Hey there, Im a tree lopper from Brisbane, Australia lookin for local knowledge about woods for smokin. Can anyone help or point me in the right direction? cheers


----------



## moikel (Oct 2, 2012)

Mate all the fruit woods are fine,citrus,avocado,peach, mango,.Nut woods ditto. Gum can be tricky.Ironbark & redgum really popular with wood fired pizza makers so cant see why not for smoking.


----------



## ozsmoke (Oct 3, 2012)

Cheers fella..!


----------



## moikel (Oct 4, 2012)

No problem.Pecan is popular as well as maple all available in pellets from misty gully.com.au.There are 5 wood fired pizza places in my very Italian suburb they all get the same delivery guy & its always red /grey ironbark . Apple also popular if you can find an orchardist. Cheers MICK


----------



## ozsmoke (Oct 5, 2012)

Hey Mick, scored some ironbark and guava from work yesterday. Theres plenty of fruit n nut trees up here (mango, avocado, citrus, macadamia etc) but unfortunately dont think apple is one of them.  Also I've recently read that some will use 'green' timber for smoke but im not convinced, what are your thoughts on this??


----------



## moikel (Oct 5, 2012)

Mate I am really wary about "green" because of the sap/oil = creosote residue. I have seen/eaten a fair bit of food grilled over vine cuttings & pruned branches but always after they have sat for bit.Olive cuttings are just brilliant but they need to dry a bit ,just my 2 bobs worth you understand .

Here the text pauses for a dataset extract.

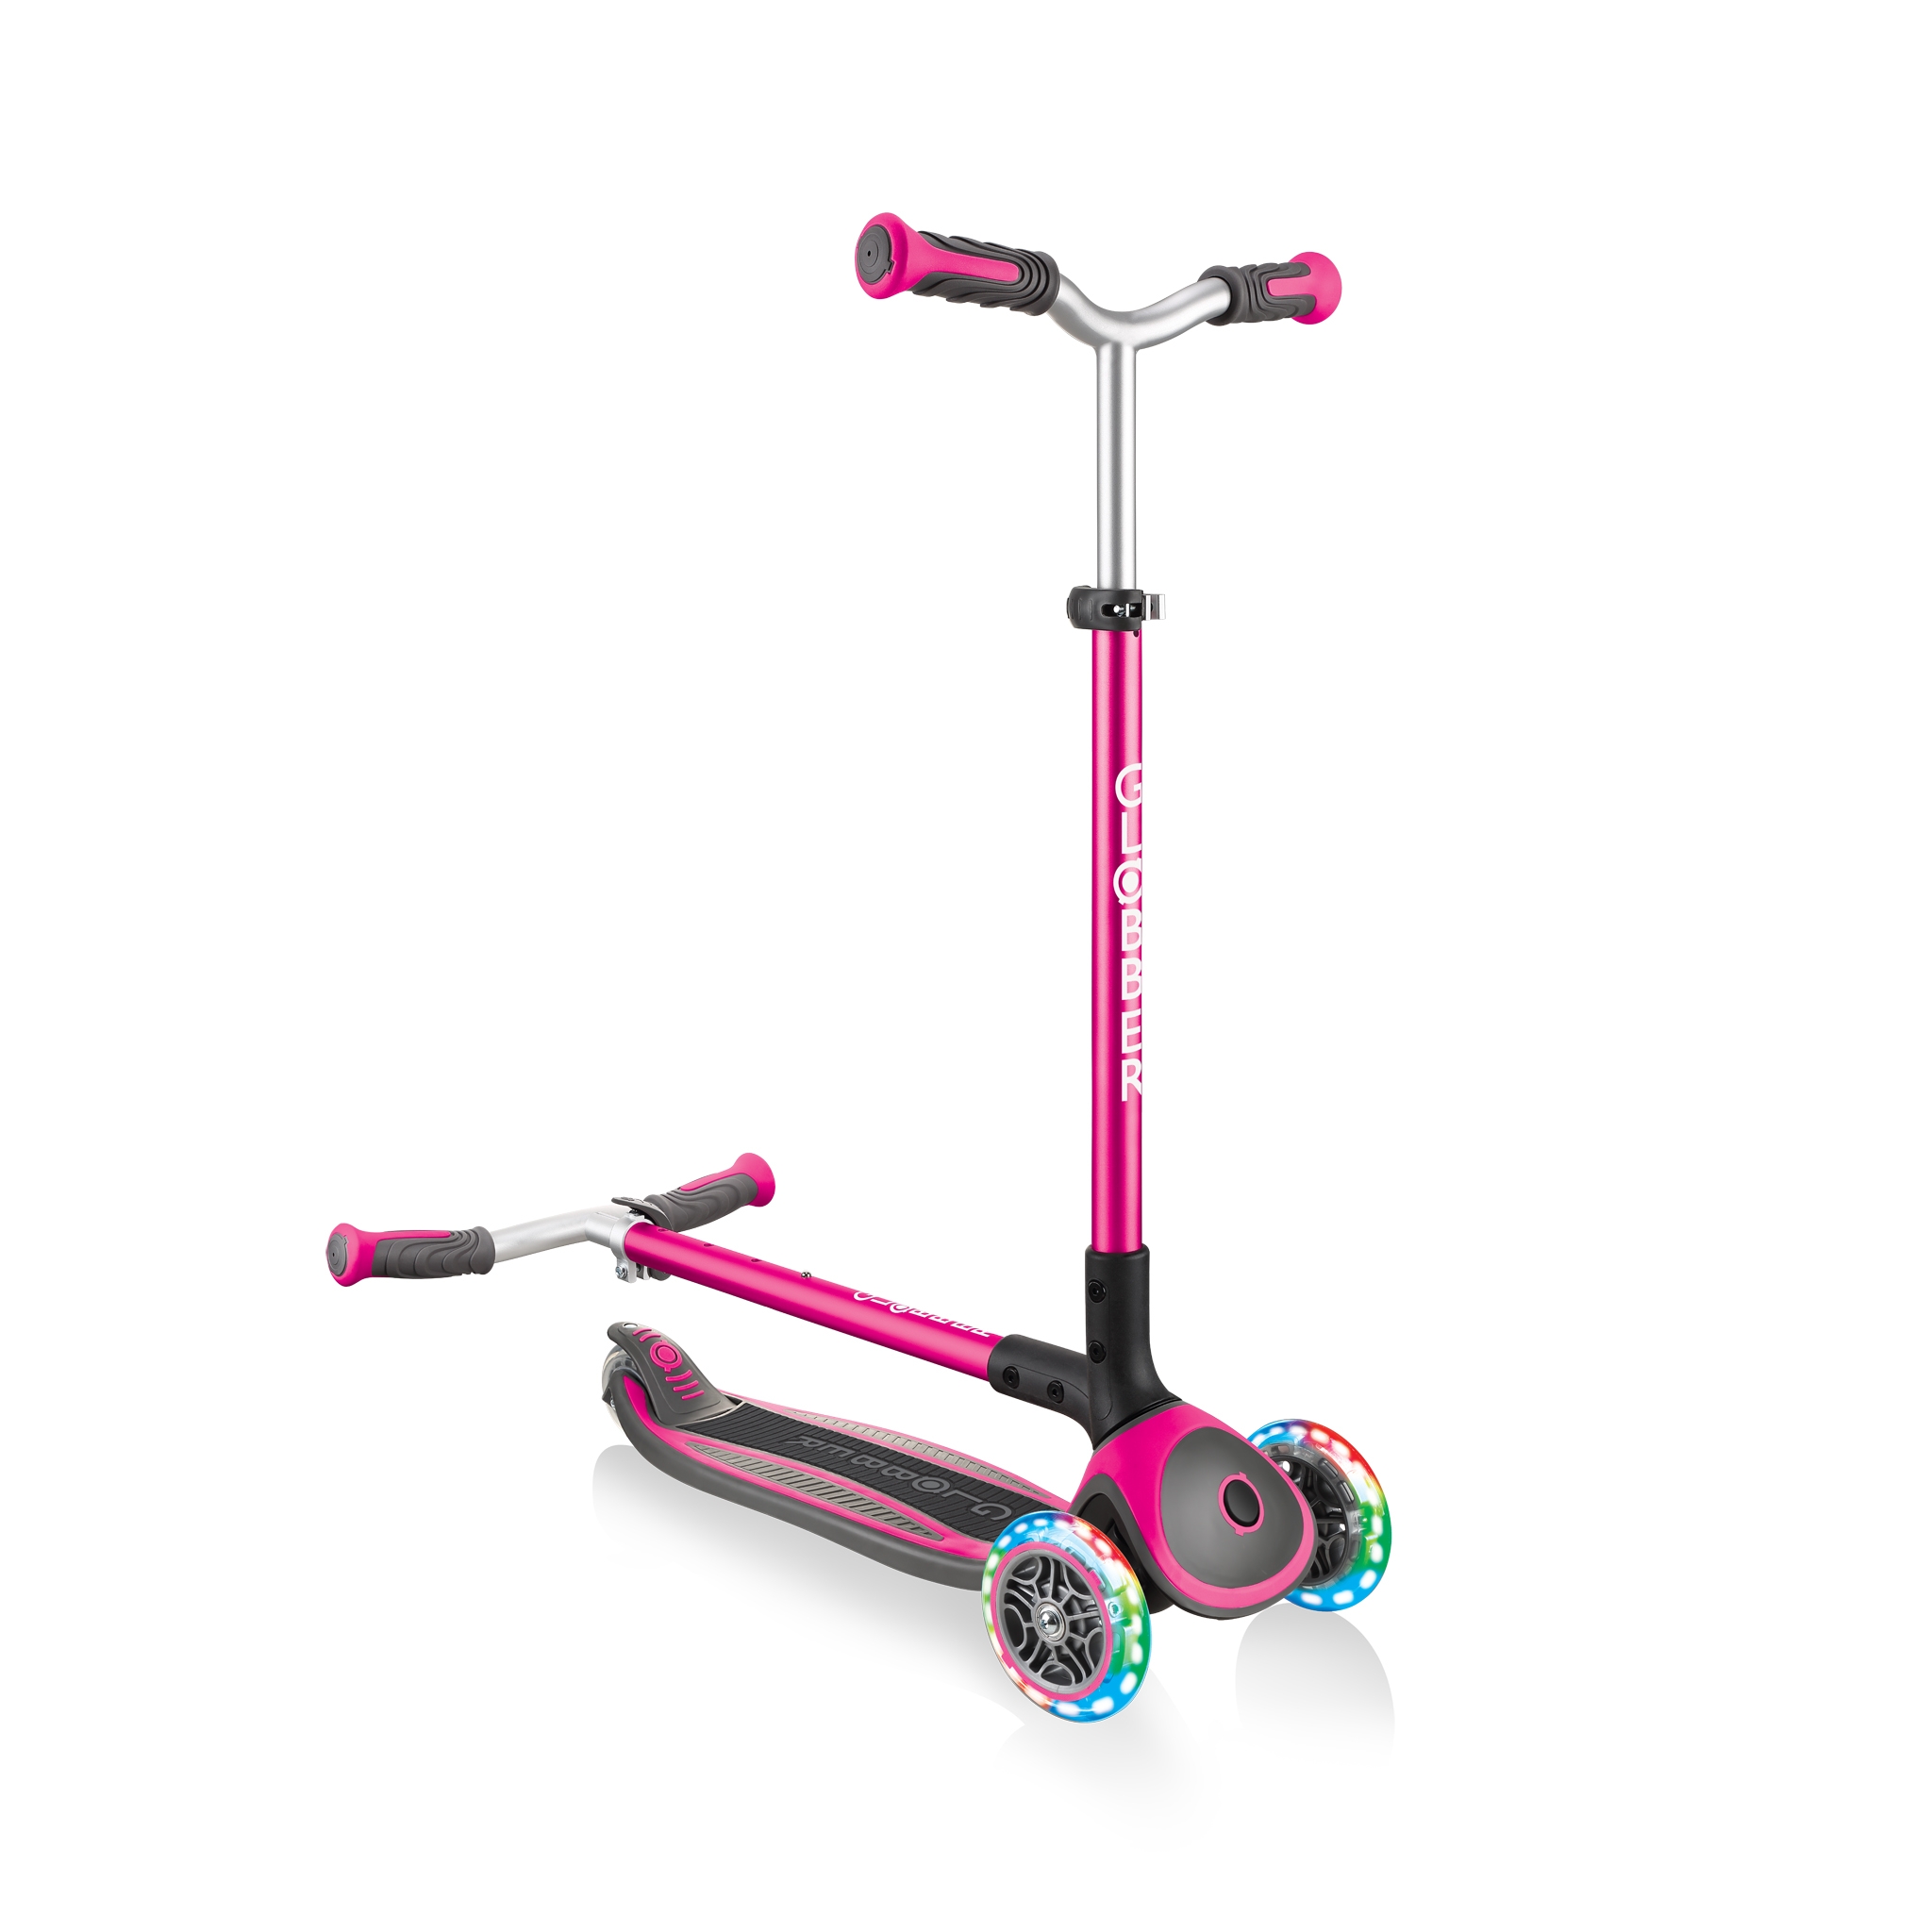 Globber-MASTER-LIGHTS-convenient-foldable-3-wheel-light-up-scooter-for-kids-with-patented-folding-system_deep-pink 3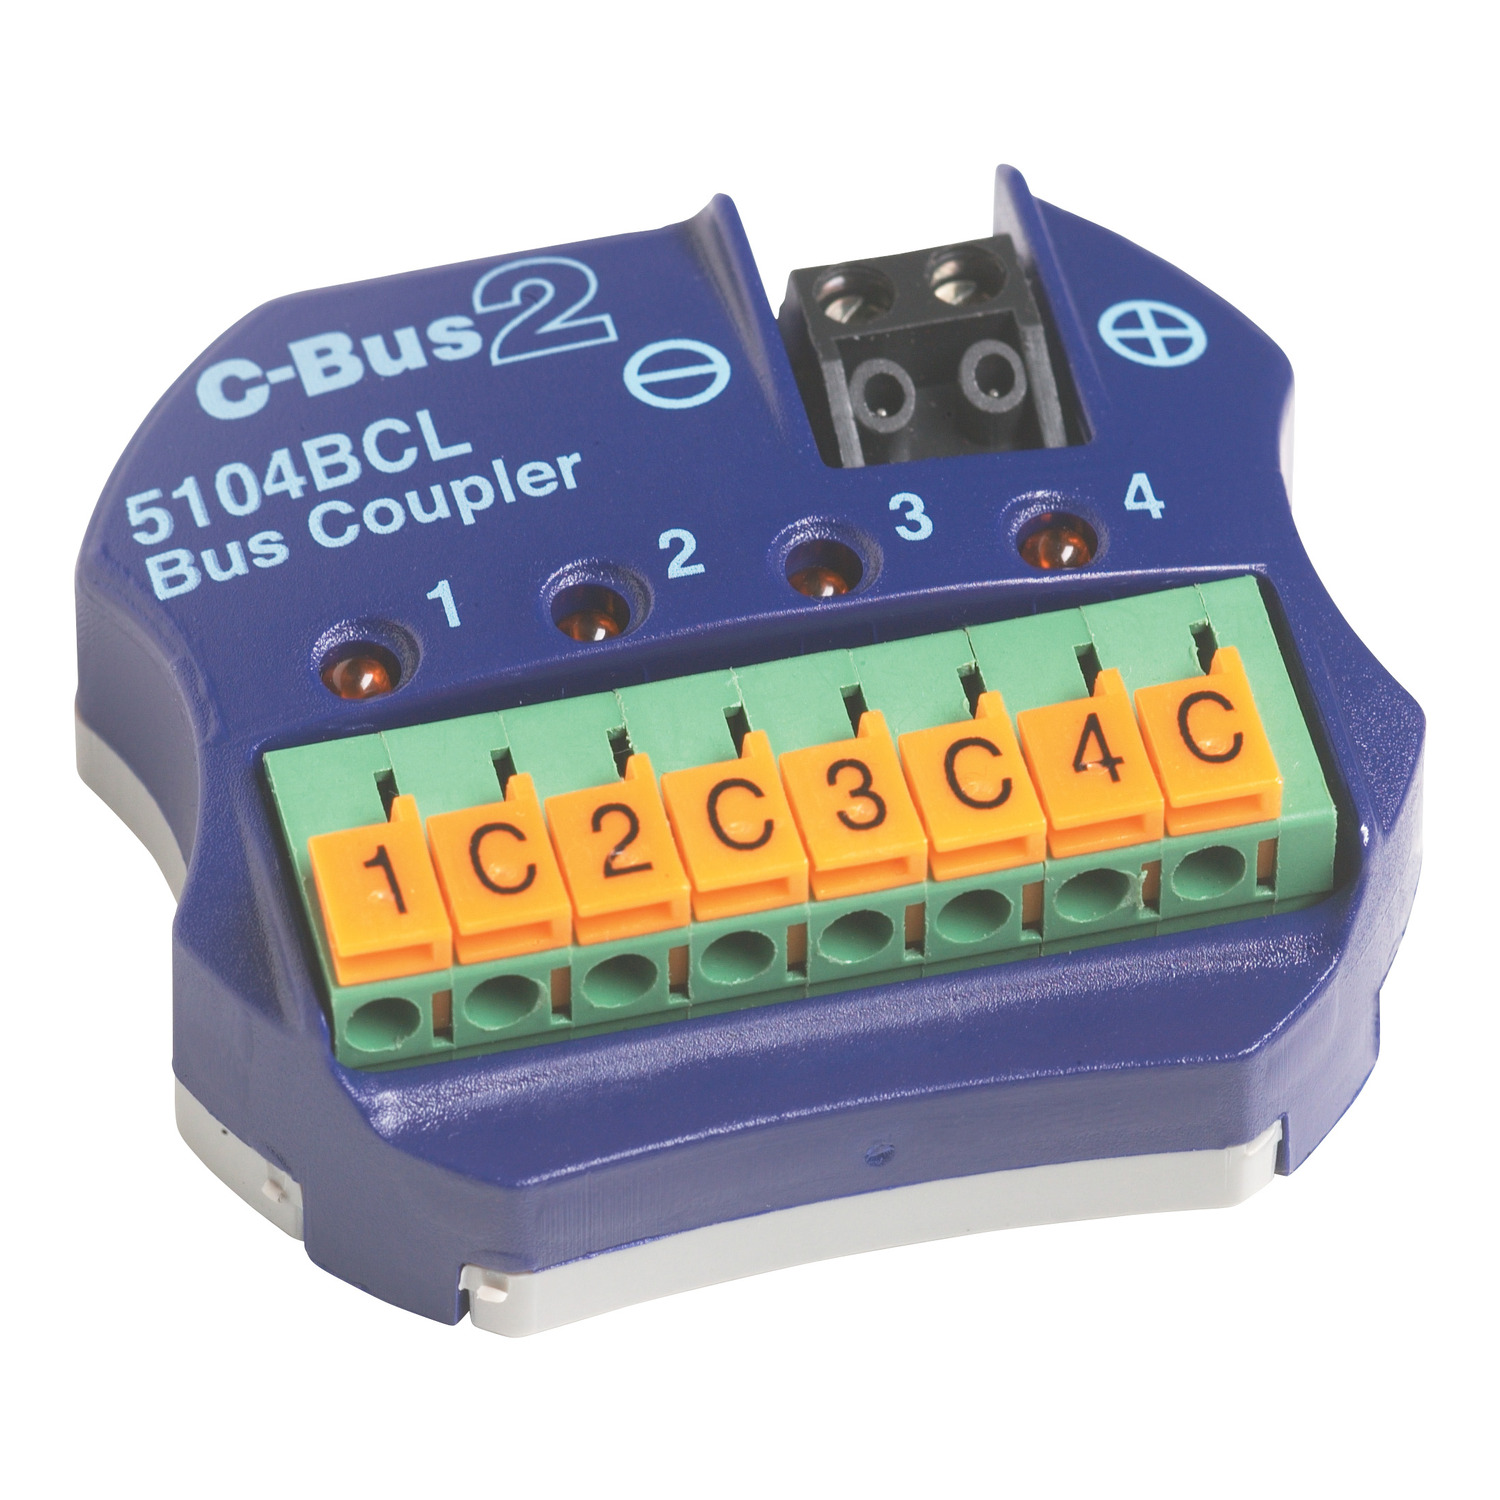 C-Bus Bus Coupler Input Unit, 4 Channel, Support on-Board Scenes

I really like apple & similiar for gentler smokes. I had a girlfriend from orchard country back in the day,apple,peach,cherry,plum it was lovely to BBQ with if you picked it out of the pile a few months after it was cut. Sat in the sun for a few months.Lamb chops & snags unbeatable. 

I watched Italians smoke salami here over grape,olive,fruit wood but they always used wood that had been sitting for a few months. I follow their lead .They have never steered me wrong. Hope this helps!


----------



## ozsmoke (Oct 5, 2012)

Thanks Mick appreciate your input- take it easy


----------